BEGIN INPUT DATA
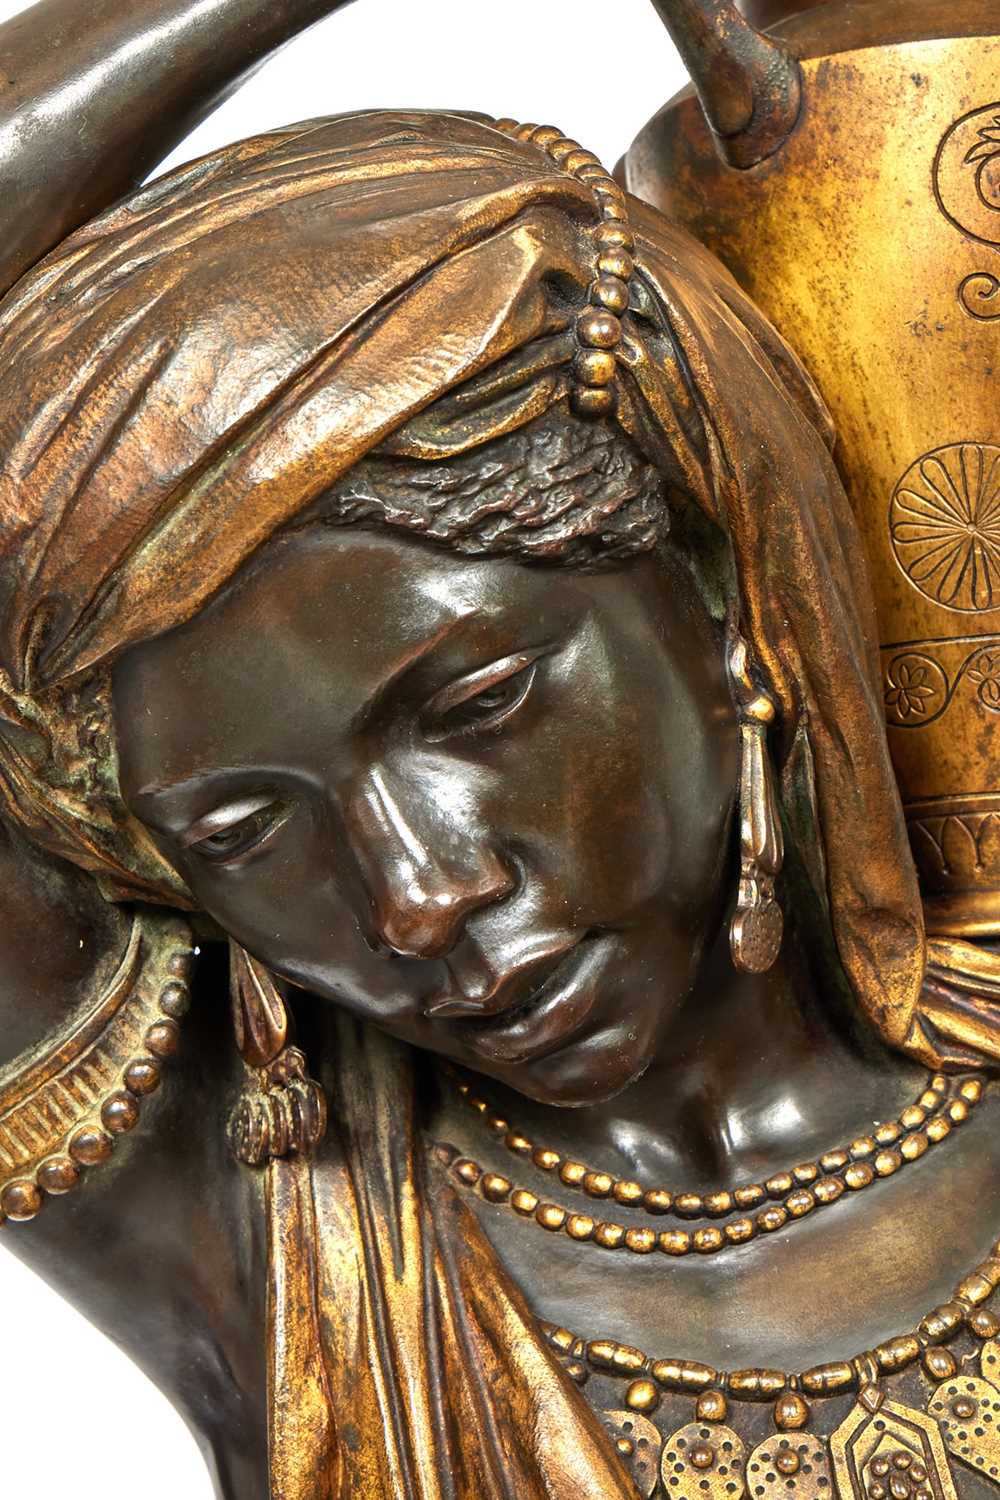 GRAUX-MARLY, PARIS: A 19TH CENTURY LIFE-SIZE ORIENTALIST BRONZE OF A NUBIAN WATER CARRIER - Image 3 of 5
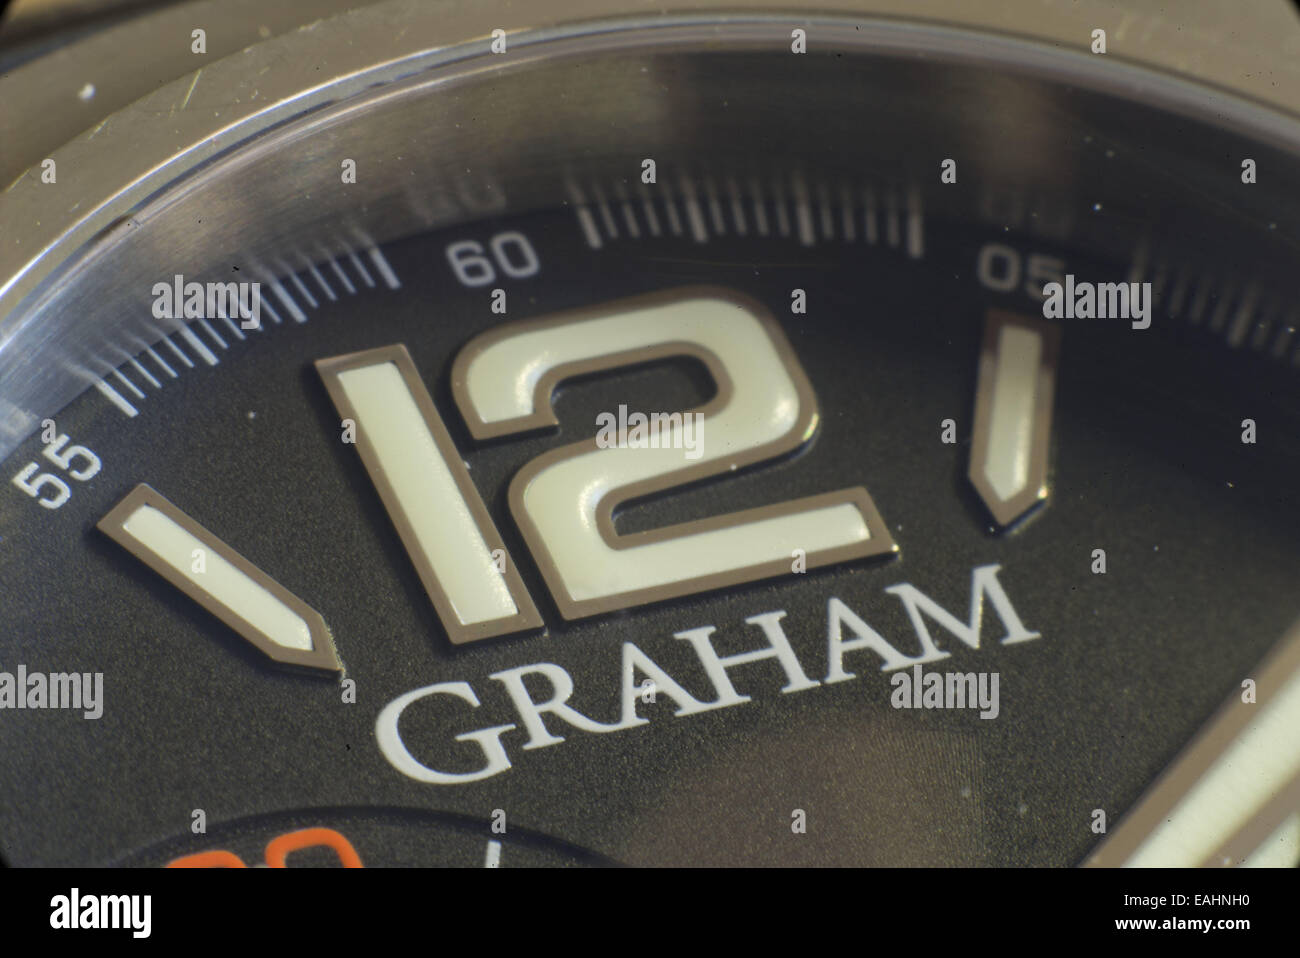 Los Angeles, CALIFORNIA, USA. 16th Nov, 2014. Picture of a Graham Watch on Saturday 15 November 2014. Graham is an unrepentantly English name for an exquisitely English watch. If you're interested in the minutiae of watch making, Graham was the surname of George Graham, born in 1673, master watchmaker who lived in Fleet Street in London.ARMANDO ARORIZO. © Armando Arorizo/Prensa Internacional/ZUMA Wire/Alamy Live News Stock Photo
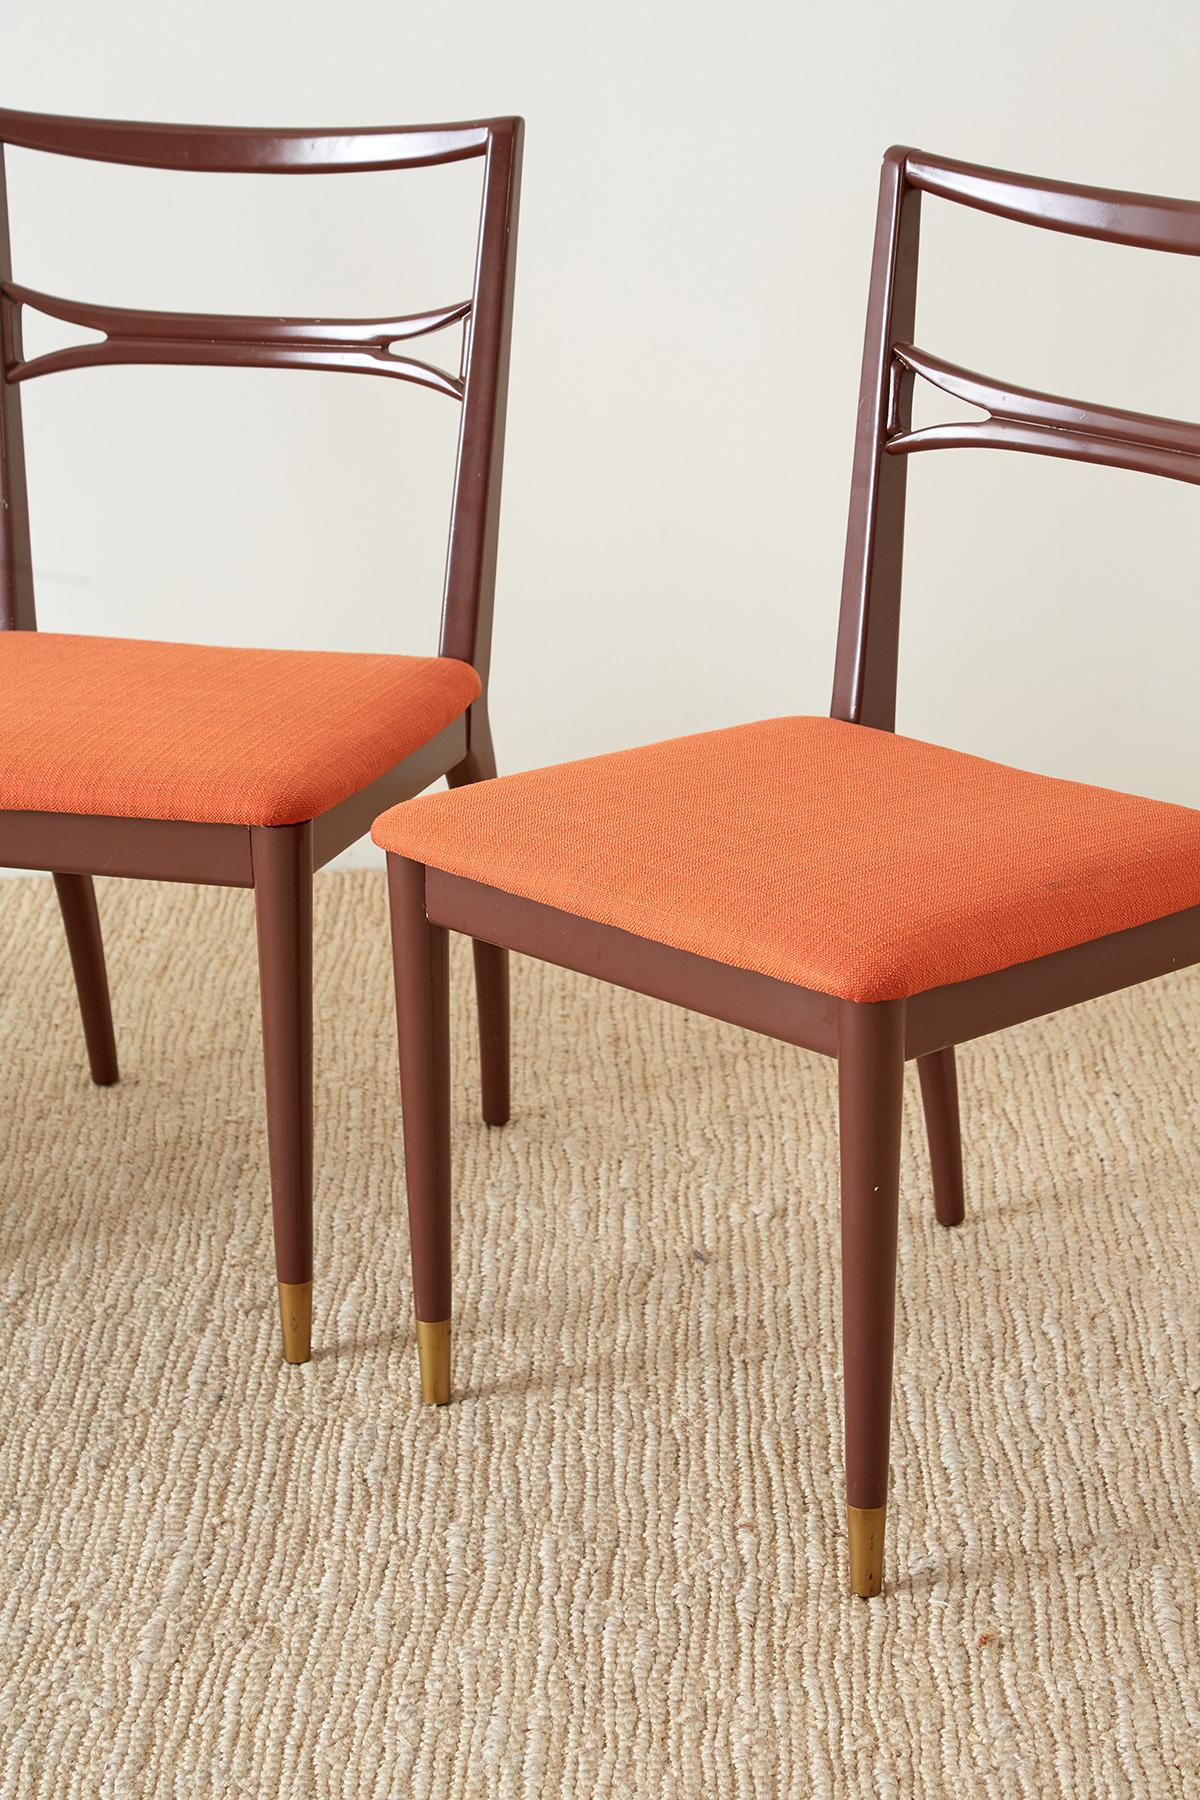 Set of Four Midcentury Lacquered Dining Chairs im Zustand „Gut“ in Rio Vista, CA
END INPUT DATA
From the first line to the last, output the data exactly; skip any pictures.

 GRAUX-MARLY, PARIS: A 19TH CENTURY LIFE-SIZE ORIENTALIST BRONZE OF A NUBIAN WATER CARRIER - Image 3 of 5
 Los Angeles, CALIFORNIA, USA. 16th Nov, 2014. Picture of a Graham Watch on Saturday 15 November 2014. Graham is an unrepentantly English name for an exquisitely English watch. If you're interested in the minutiae of watch making, Graham was the surname of George Graham, born in 1673, master watchmaker who lived in Fleet Street in London.ARMANDO ARORIZO. © Armando Arorizo/Prensa Internacional/ZUMA Wire/Alamy Live News Stock Photo
 Set of Four Midcentury Lacquered Dining Chairs im Zustand „Gut“ in Rio Vista, CA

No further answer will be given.